Sonuçta sayılar konusunda ciddi bir karışıklık açığa çıktı.
İkinci
güçlük, her yıl gördüğümüz grip virüsleri gibi bu virüsün de farklı yaş
bileşimlerine ve sağlık koşullarına sahip halklar üzerinden mutasyona uğruyor
olmasıyla ilgiliydi. Büyük ihtimalle Amerikalılar, Vuhan’daki ilk salgından az
çok farklı bir salgına tanıklık edecekler. Mutasyon sonucu virüs tehlikeli de
olabilir, şimdilerde elli yaşın üstündekiler için yüksek olan öldürme oranının
mevcut dağılımını da değiştirebilir. Trump’ın “korona gribi” dediği şey, yaşlı,
bağışık sistemi zayıf veya kronik solunum sorunları yaşayan Amerikan halkının
dörtte biri için ölümcül bir tehdit.
Üçüncü
güçlükse virüs şu anki hâlini koruyup çok az mutasyona uğrasa bile onun gençler
üzerindeki etkisinin yoksul ülkelerde ve yoksul kesimlerde ciddi ölçüde
farklılık arz edecek olmasıyla ilgili. Bu noktada akla, insanlığın yüzde bir
ilâ ikisini öldürmüş olan ve 1918-19’da yaşanan İspanyol gribi gelebilir. ABD
ve Batı Avrupa’da ilk H1N1 gribi, daha çok genç yetişkinleri öldürmüştü. Bu
durum, genelde nispeten güçlü olan ve virüs bulaşmasına aşırı tepki veren
bağışıklık sistemlerinin akciğer hücrelerine saldırması, böylelikle akciğer
iltihabı ve septik şoka yol açması üzerinden izah edilmişti. Ama son dönemde
bazı epidemiyologlar geliştirdikleri teori dâhilinde, yaşlı yetişkinlerin
1890’larda patlak veren ve koruma sağlayan ilk salgından itibaren bir “bağışıklık
hafızası”na sahip olabileceklerini söylediler.
Bir
şekilde grip, askerî kamplarda ve siperlerde kendisine bir yuva buldu ve
buralarda on binlerce genç askeri öldürdü. Grip, süreç içerisinde
imparatorluklar arasında yaşanan savaşlarda önemli bir etmen hâline geldi.
Almanya’nın 1918 baharında gerçekleştirdiği saldırının başarısız olması, buna
bağlı olarak savaşın ulaştığı sonuç, düşmanından farklı olarak, Müttefik
Kuvvetler’in virüs kapmış ordularını yeni gelen Amerikalı askerlerle takviye
edebilmeleri ile ilişkilendirildi.
Gelgelelim
İspanyol gribi, yoksul ülkelerde farklı bir seyir izledi. Virüs yüzünden
yaşanan ölümlerin yaklaşık yüzde altmışı Pencap’ta ve Batı Hindistan’da
gerçekleşti. Buralar, Britanya’ya tahıl ihraç eden ve zorla el koyma
uygulamalarına tanık olan, ama aynı zamanda büyük kuraklığın her yanı kasıp
kavurduğu yerlerdi. Sonuçta ortaya çıkan yiyecek kıtlığı, milyonlarca insanı
açlıktan ölmenin eşiğine getirdi.
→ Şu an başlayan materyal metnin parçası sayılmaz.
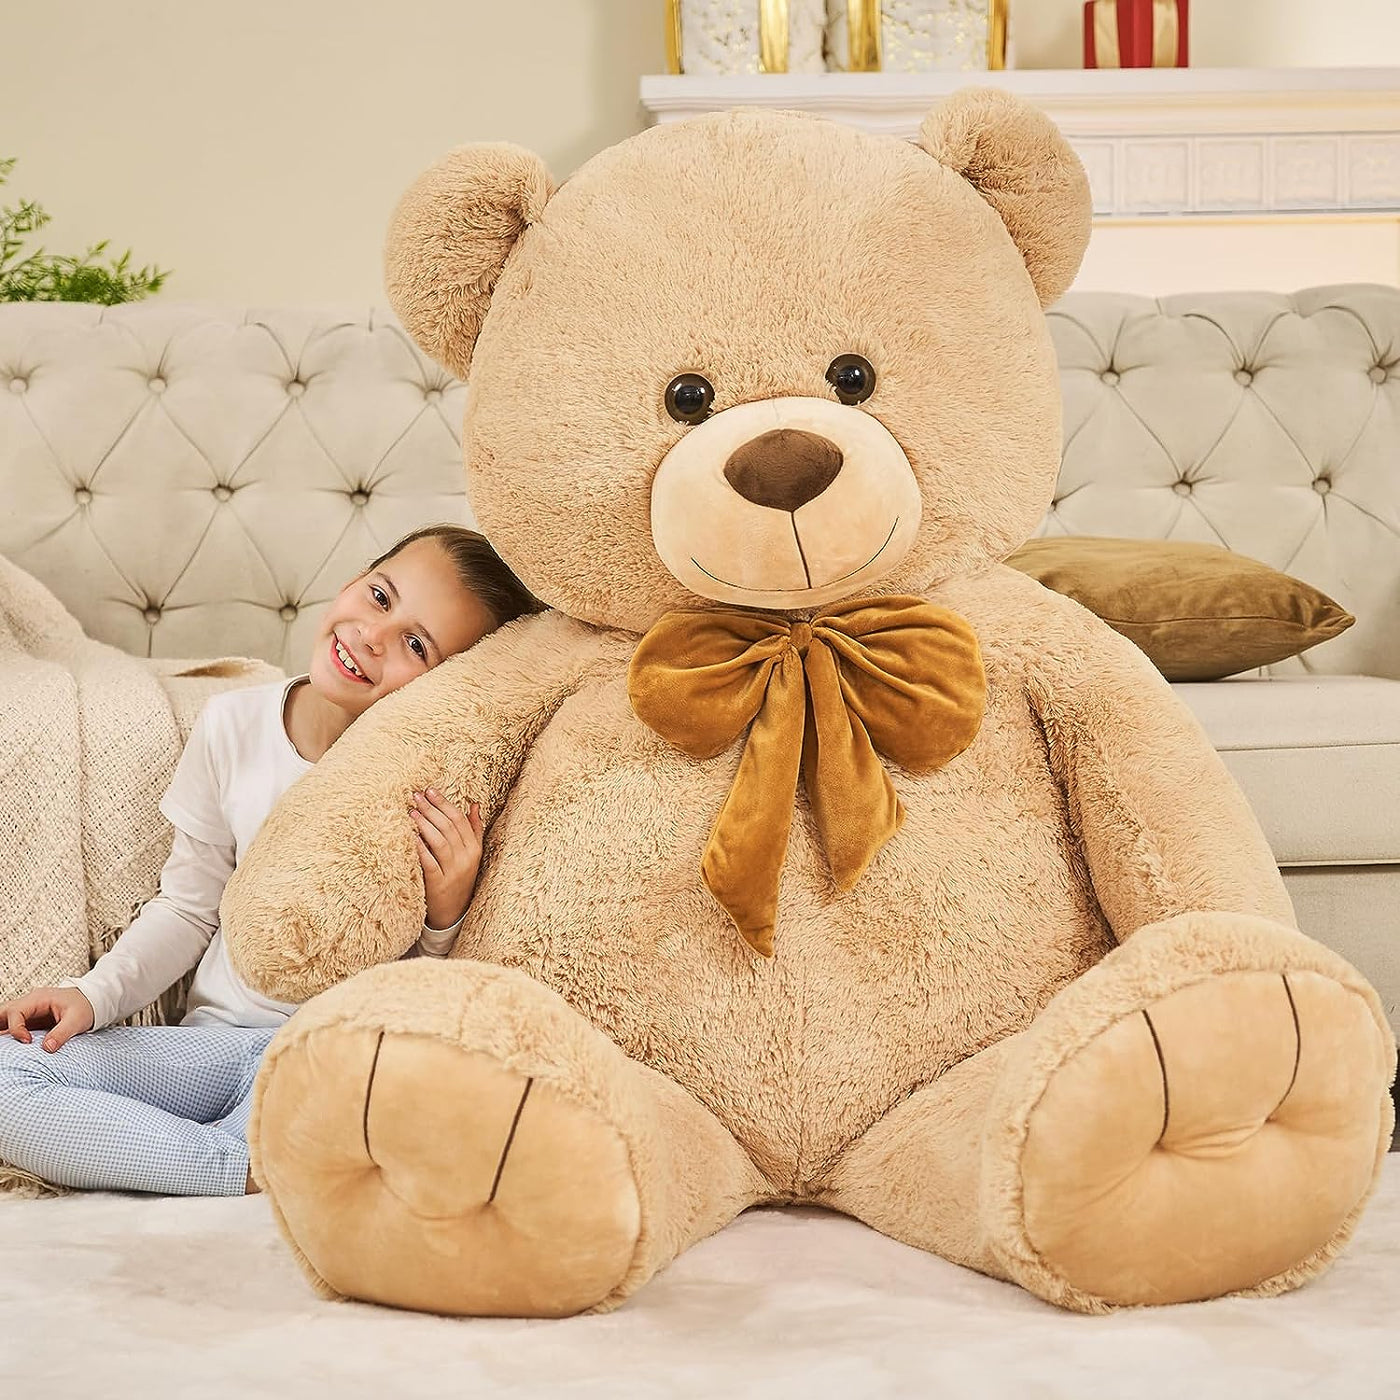 Giant Teddy Bear Plush Toy, Brown, 47/59 Inches

Bu insanlar, bağışıklık sisteminin virüse
cevap verememesine neden olan yetersiz beslenmenin ve aynı zamanda bakteri
kaynaklı akciğer iltihabının çilesini çektiler. Aynı şekilde birkaç yıl boyunca
kuraklığın, koleranın ve yiyecek kıtlığının çilesini çeken, Britanya
işgalindeki İran’da sıtma salgını patlak verdi, bu da tahmini olarak ülke
nüfusunun beşte birinin ölümüne neden oldu.
Bu
tarih, bilhassa yetersiz beslenme ile bulaşma arasındaki ilişkinin sonuçlarının
bilinmediği gerçeği, COVID-19’un Afrika’nın ve Güney Asya’nın sıkış tıkış,
hastalıklarla kıvranan gecekondu mahallelerinde daha fazla ölüme yol açacağı
konusunda bize kimi ikazlarda bulunuyor olmalı.
Lagos,
Kigali, Addis Ababa ve Kinshasa gibi yerlerde görülen vakalar ayrıca bu
şehirlerdeki sağlık koşullarının ve hastalıkların nasıl bir etkileşim içine
gireceğini kimse bilmiyor (test yapılmadığı için de uzun zaman bilemeyecek).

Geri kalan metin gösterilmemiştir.